WHAT IS NEEDED —
For the records below, please print exactly and only the lines from the one with "Karagöz Persian rug." down to the one with "Удочка принцесса. Микадо", both ends included, omitting the pictures.

RECORDS PROVIDED —

------------------------------------------------

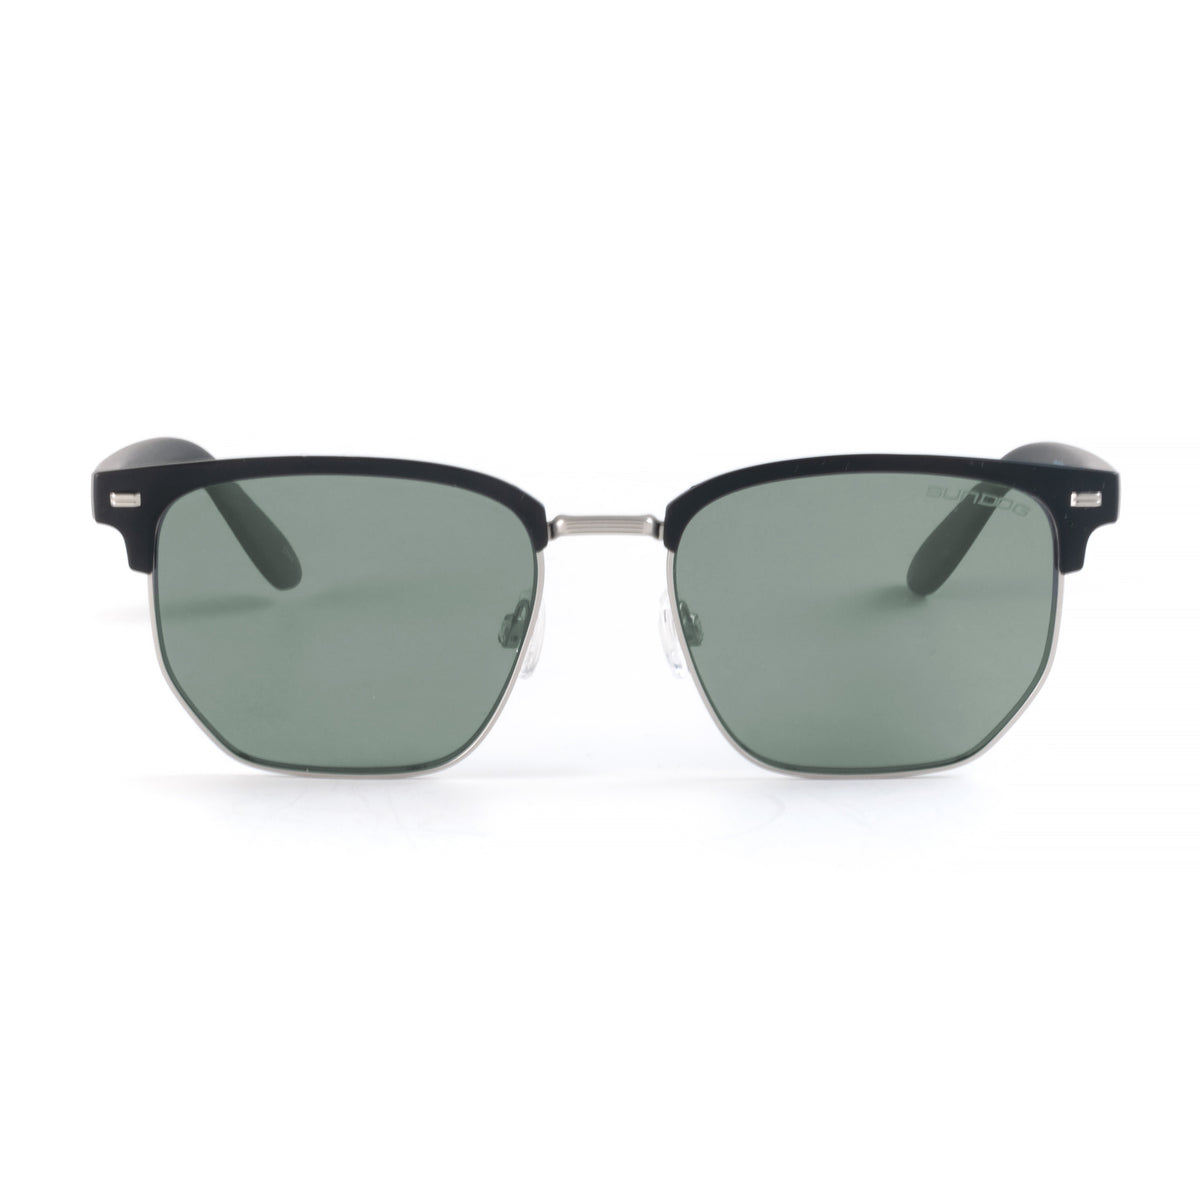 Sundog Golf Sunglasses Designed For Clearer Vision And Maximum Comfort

------------------------------------------------

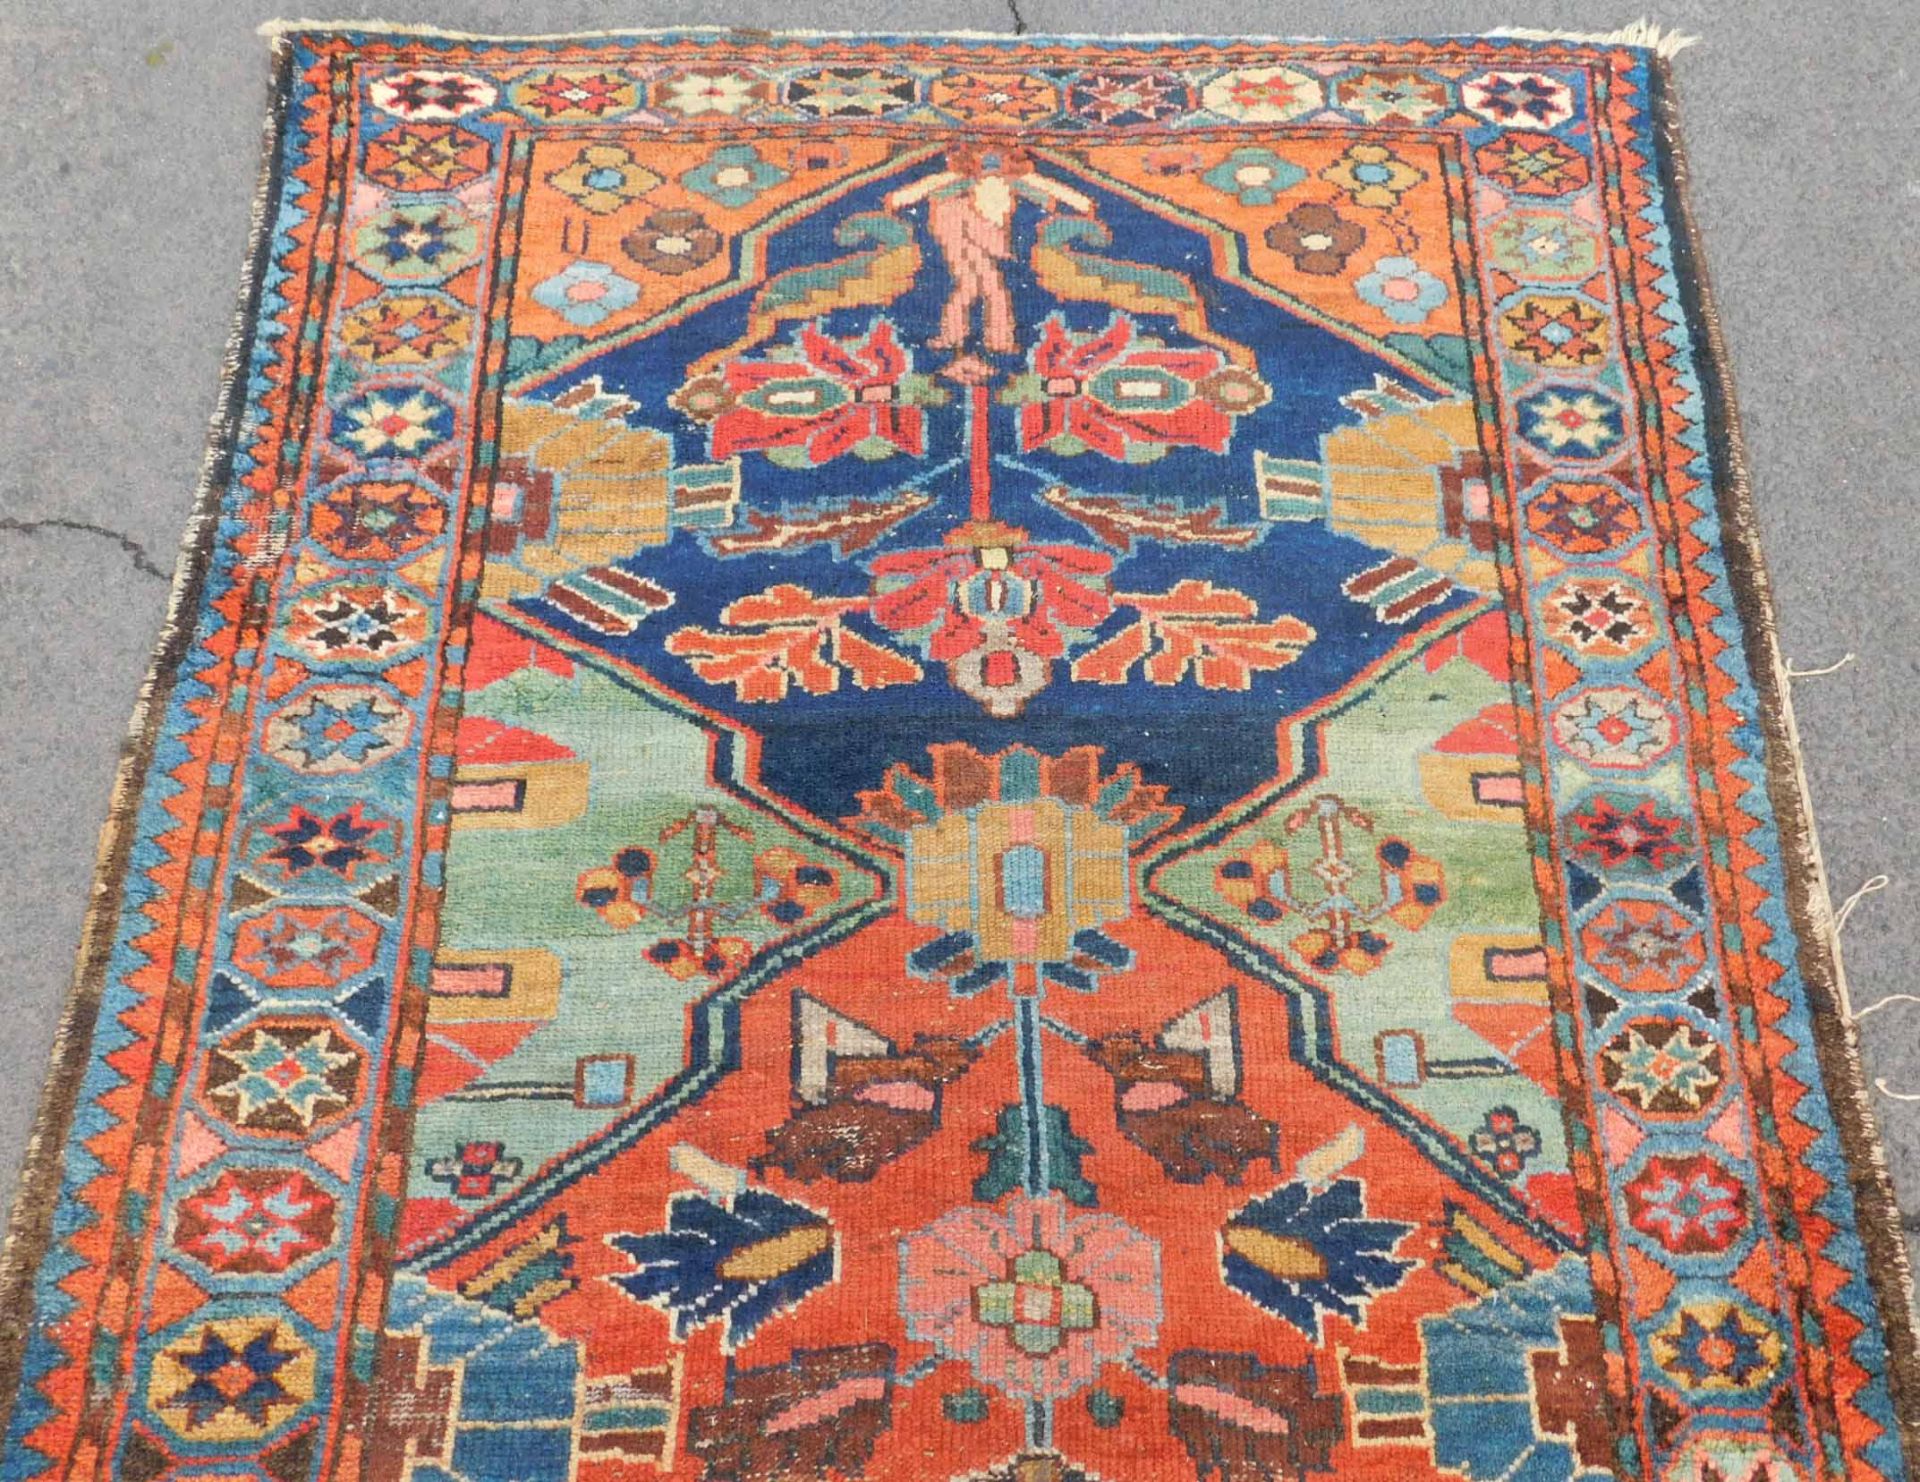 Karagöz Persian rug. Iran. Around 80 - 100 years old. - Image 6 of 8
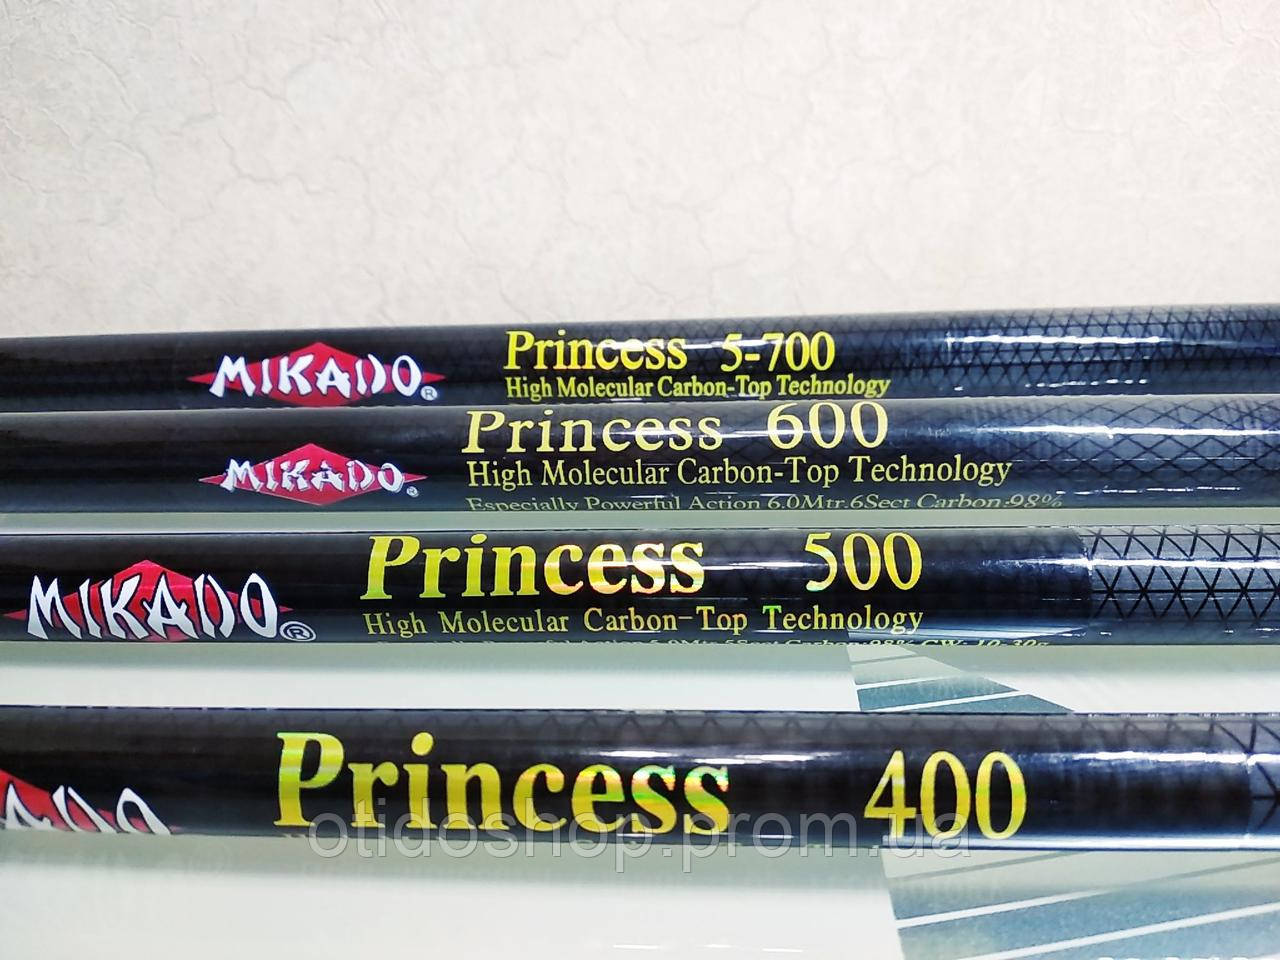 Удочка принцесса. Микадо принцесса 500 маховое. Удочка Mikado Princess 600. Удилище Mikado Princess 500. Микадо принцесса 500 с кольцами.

------------------------------------------------

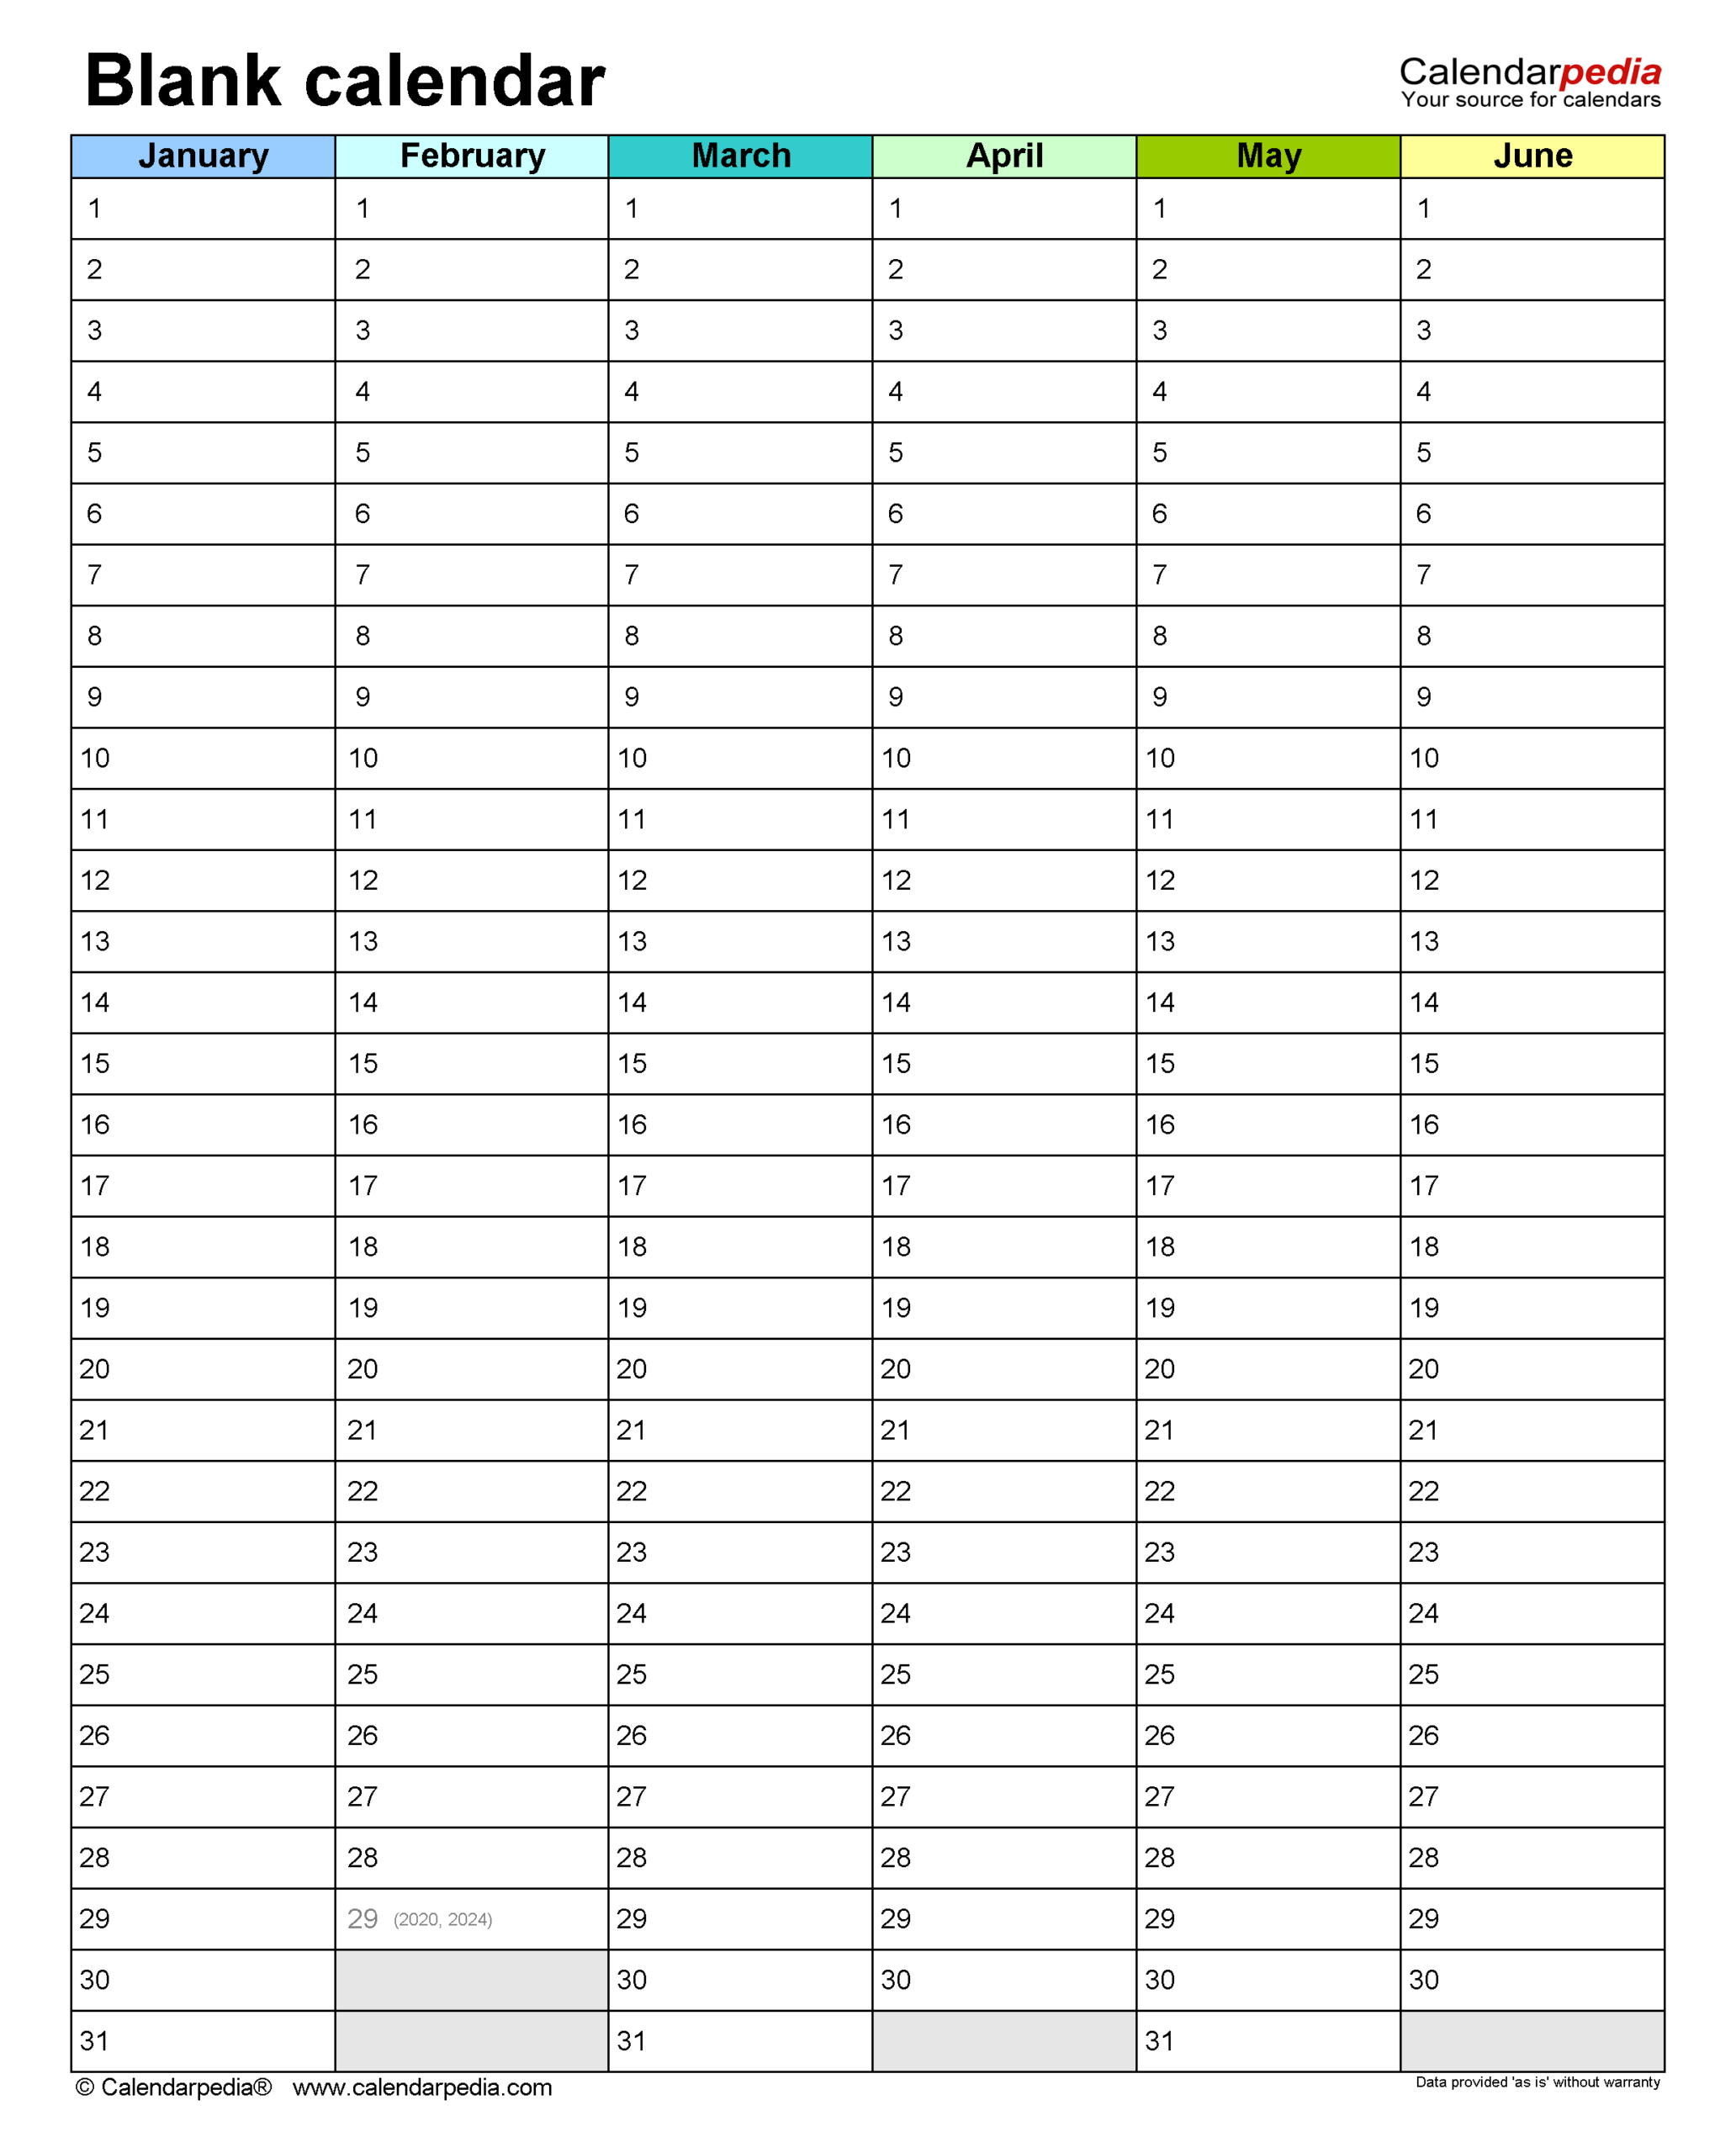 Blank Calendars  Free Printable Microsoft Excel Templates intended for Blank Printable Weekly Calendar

------------------------------------------------

OUTPUT BELOW —
 Karagöz Persian rug. Iran. Around 80 - 100 years old. - Image 6 of 8
 Удочка принцесса. Микадо принцесса 500 маховое. Удочка Mikado Princess 600. Удилище Mikado Princess 500. Микадо принцесса 500 с кольцами.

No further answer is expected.